Saya sangat senang sekali
membaca pengalaman-pengalaman unik yang ada di buku ini.Pengalaman-pengalaman
yang tidak kita peroleh di perkuliahan, tapi kita peroleh saat di lapangan. Ternyata
begitu sulitnya medan yang harus ditempuh oleh seorang wartawan dalam memburu
beritanya. Di mana mereka
harus melakukan pilihan terhadap apa yang mereka hadapi, terus maju mengambil
risiko yang ada meskipun risiko itu sangat besar, lelah dan letih bukan lagi
menjadi alasan mereka menghentikan aksi perburuannya, dan keinginan-keinginan
besar mereka untuk membangun karakter seorang jurnalis yang benar itu seperti
apa.
Judul-judul yang diberikan
pada setiap bagian cerita sangatlah unik.
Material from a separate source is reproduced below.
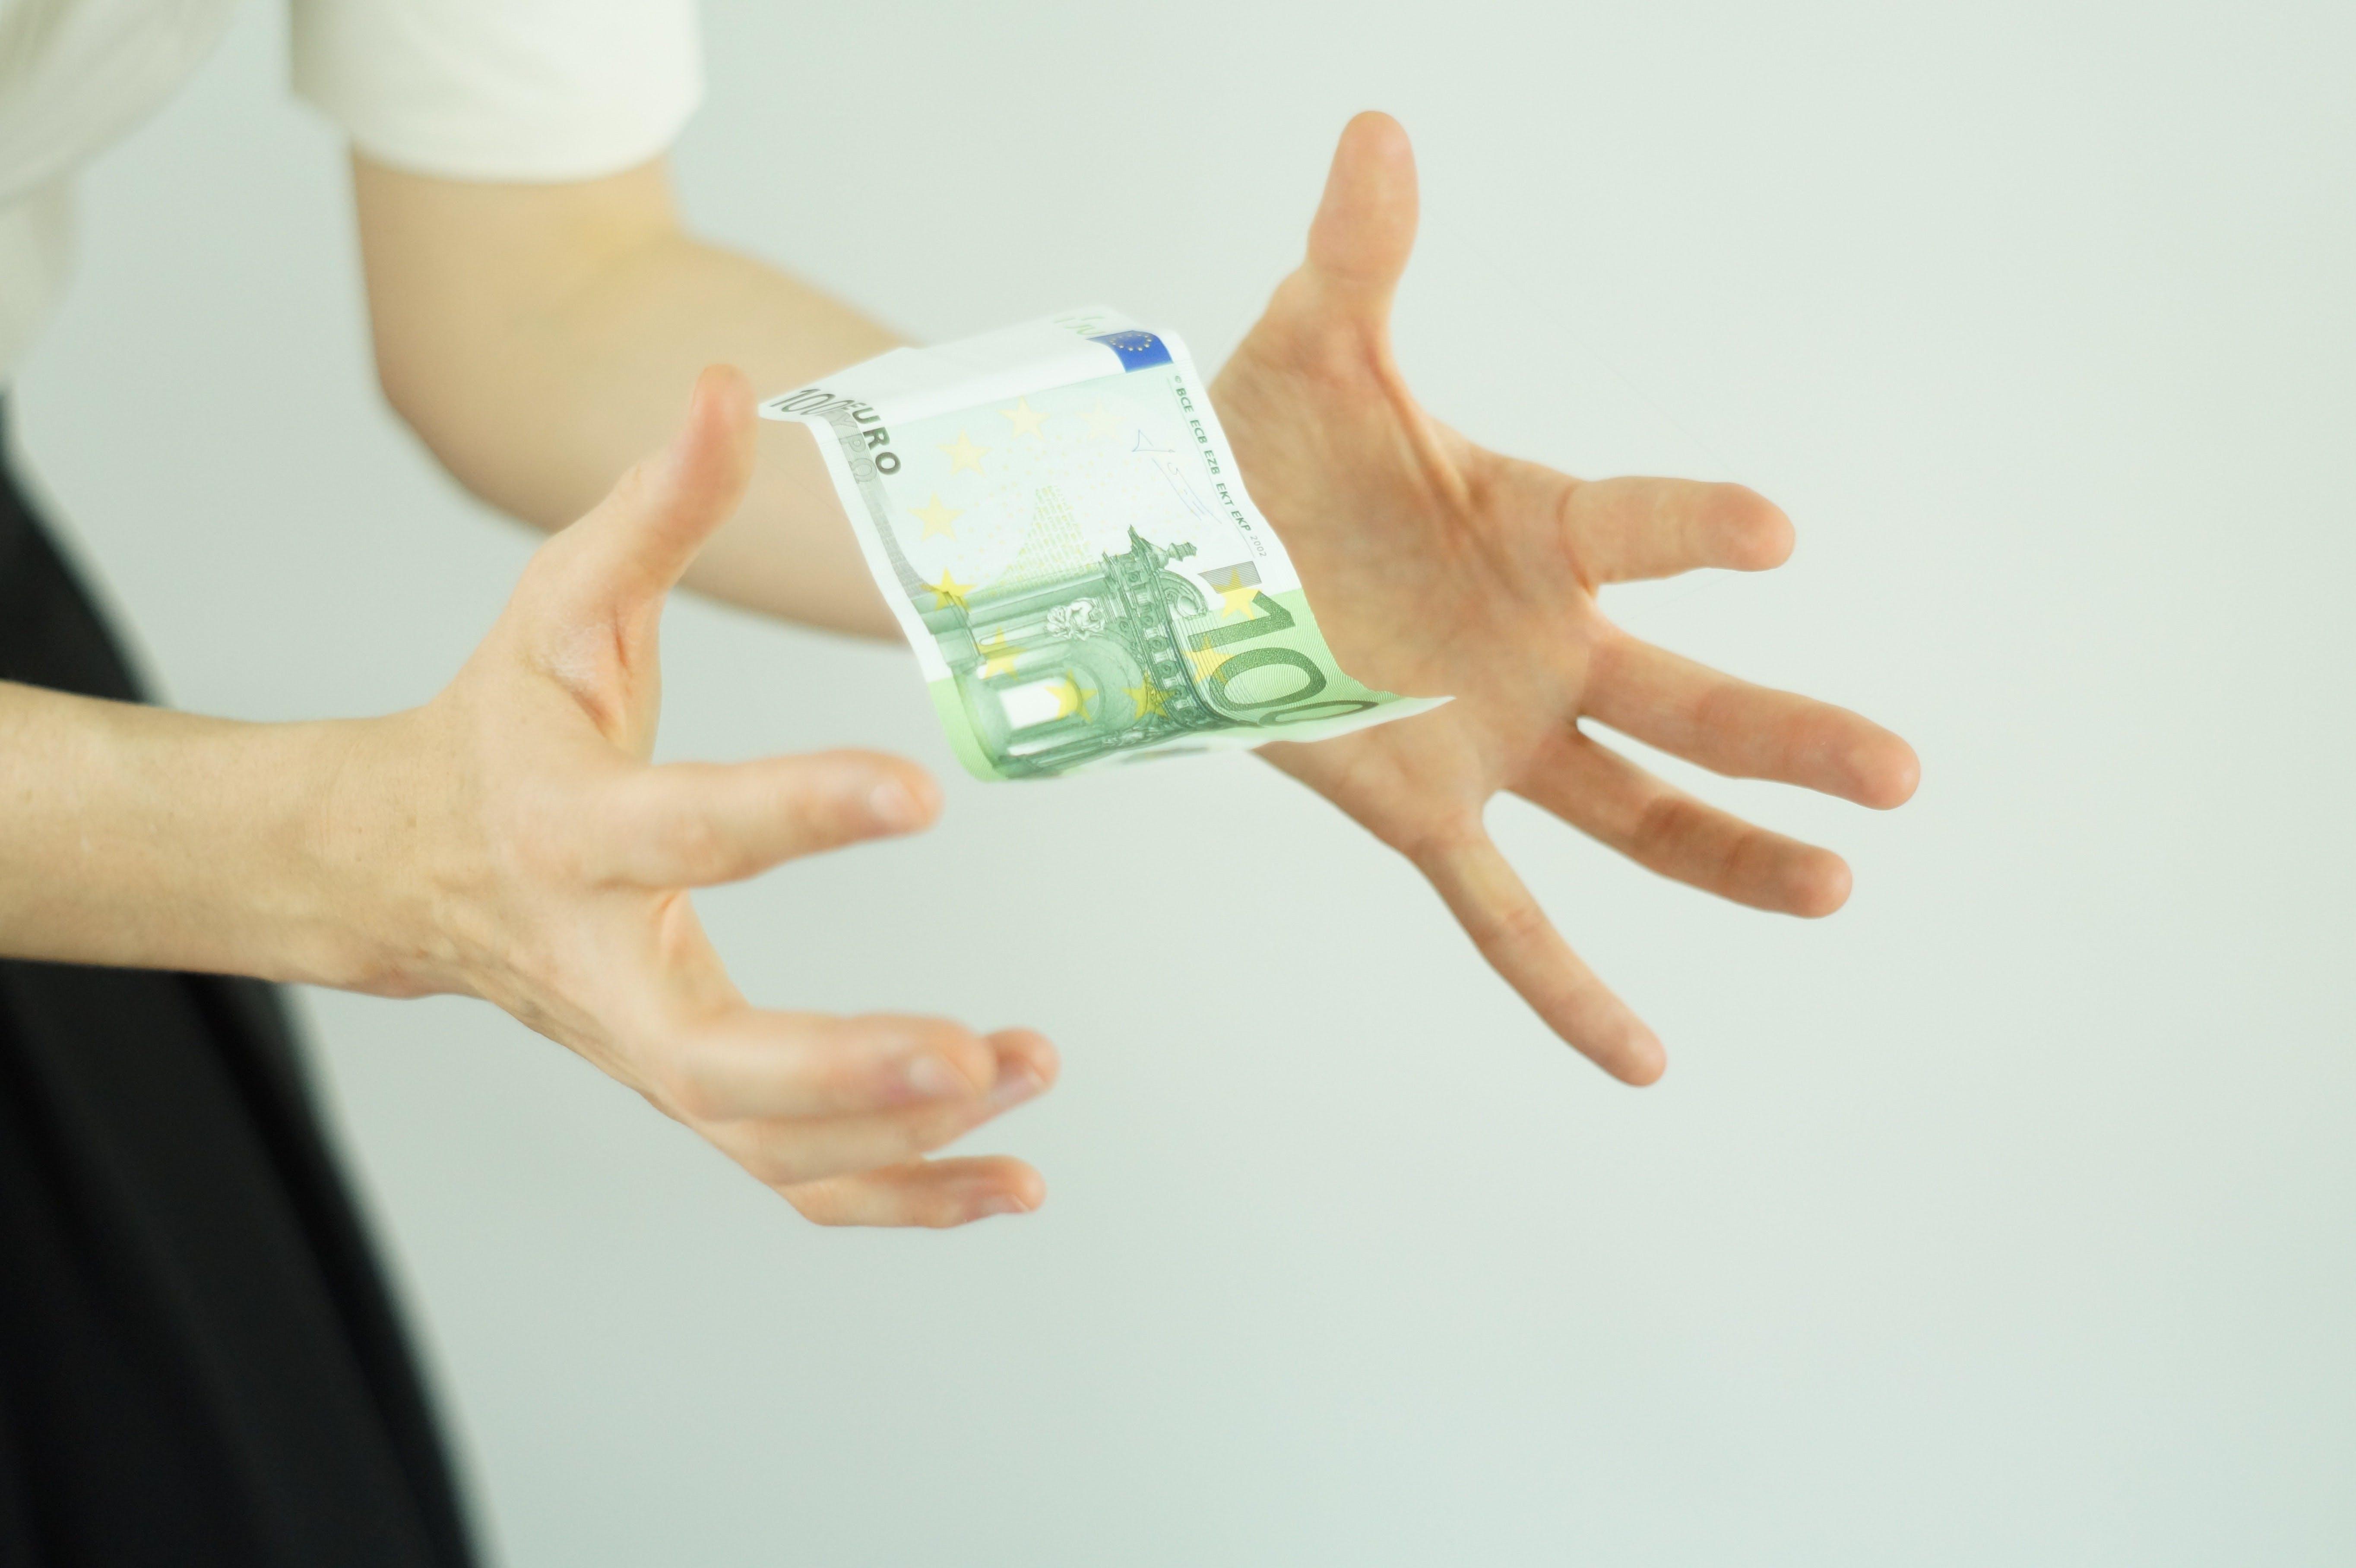 Titelbild-Finger-Hände-Fokus-Geld-fangen-Vergütungsmanagement-pexels-462383-Pixabay

Mampu menggungah rasa ingin tahu
kita, dan berkata “apasih isi ceritanya?.” Berawal dari judul yang menarik,
saya rasa ini keutamaan pertama yang dimiliki oleh buku ini.Meski tidak semua
judul menarik berisikan cerita yang menarik pula.Pada awal-awal bagian cerita,
dikemas secara menarik dengan pengalaman yang sangat menarik juga.Saya pribadi
merasa seolah-olah berada di dalam cerita tersebut. Karena cerita ini dibuat
dari pengalaman mereka masing-masing, jadi bagi saya yang membacanya, tidak
hanya sekadar cerita pengalaman saja, namun juga di sana tersirat ilmu-ilmu
tentang jurnalisme yang ada di buku Sembilan
Elemen Jurnalisme karya Bill Kovach dan Tom Rosenstiel, seperti kewajiban
pertama seorangjurnalis adalah kebenaran. Dalam buku Jurnalis, Jurnalisme, dan Saya (JJS) ini menceritakan tentang
elemen-elemen jurnalisme itu sendiri melalui pengalaman-pengalaman para
penulisnya.
Banyak hal lain yang belum
kita ketahui kebenarannya, namun bisa kita ketahui dari buku JJS ini. Saya
masih ingat dengan cerita Adi Marsiela yang bertahan dengan statusnya sebagai
wartawan koresponden.Ternyata wartawan koresponden dianggap sebelah mata oleh
media tempat mereka bekerja. Perlakuan tidak adil pun mereka dapatkan, seperti
pemberian upah yang menurut saya tidak sepadan dengan apa yang mereka hasilkan.
Karena masalah itu, banyak wartawan yang “menitip berita” ke temannya, dan
melakukan pengkloningan berita agar berita yang mereka peroleh semakin banyak.
Dengan banyaknya berita yang mereka peroleh, maka pundi-pundi di kantong mereka
pun akan semakin bertambah.
Di buku JJS ini tidak
semua penulisnya berprofesi sebagai wartawan, ada pua yang tadinya pemain, dan
sekarang menjadi wasit. Menurut pengakuan dari penulis sendiri, media massa
elektronik sekarang lebih mengutamakan rating
padahal seharusnya mereka memenuhi hak konstitusional warga negara untuk
memperoleh informasi. Buruknya media massa di Indonesia juga banyak diungkapkan
di buku ini. Di mana surat kabar tidak dapat lagi mengandalkan sirkulasi maupun
loyalitas pembaca, melainkan bergantung pada iklan. Dalam buku Jurnalistik Teori dan Praktik, pada Bab
5 mengenai Kendala Menghimpun Berita. Ada beberapa kendala yang akan didapatkan
oleh seorang wartawan, salah satunya kendala internal. Kendala internal ini
hampir terjadi di semua media massa di Indonesia. Kapitalisme menjadi dasar
dari kendala ini. Untuk mengoperasikan suatu bisnis diperlukan uang, dan
orang-orang yang menguasai suatu uang memiliki kepentingan yang sama juga.
Begitulah yang terjadi di media kita. Untuk terbit, dibutuhkan dana yang tidak
sedikit, sehingga banyak media massa kita dimanfaatkan oleh pihak-pihak yang
memiliki uang dalam jumlah yang banyak. Seringkali hal ini mereka manfaatkan
untuk mengendalikan media massa.Dan hal itulah yang membuat sebagian besar
jurnalis kita memiliki keberpihakan yang tidak sesuai dengan hati nuraninya.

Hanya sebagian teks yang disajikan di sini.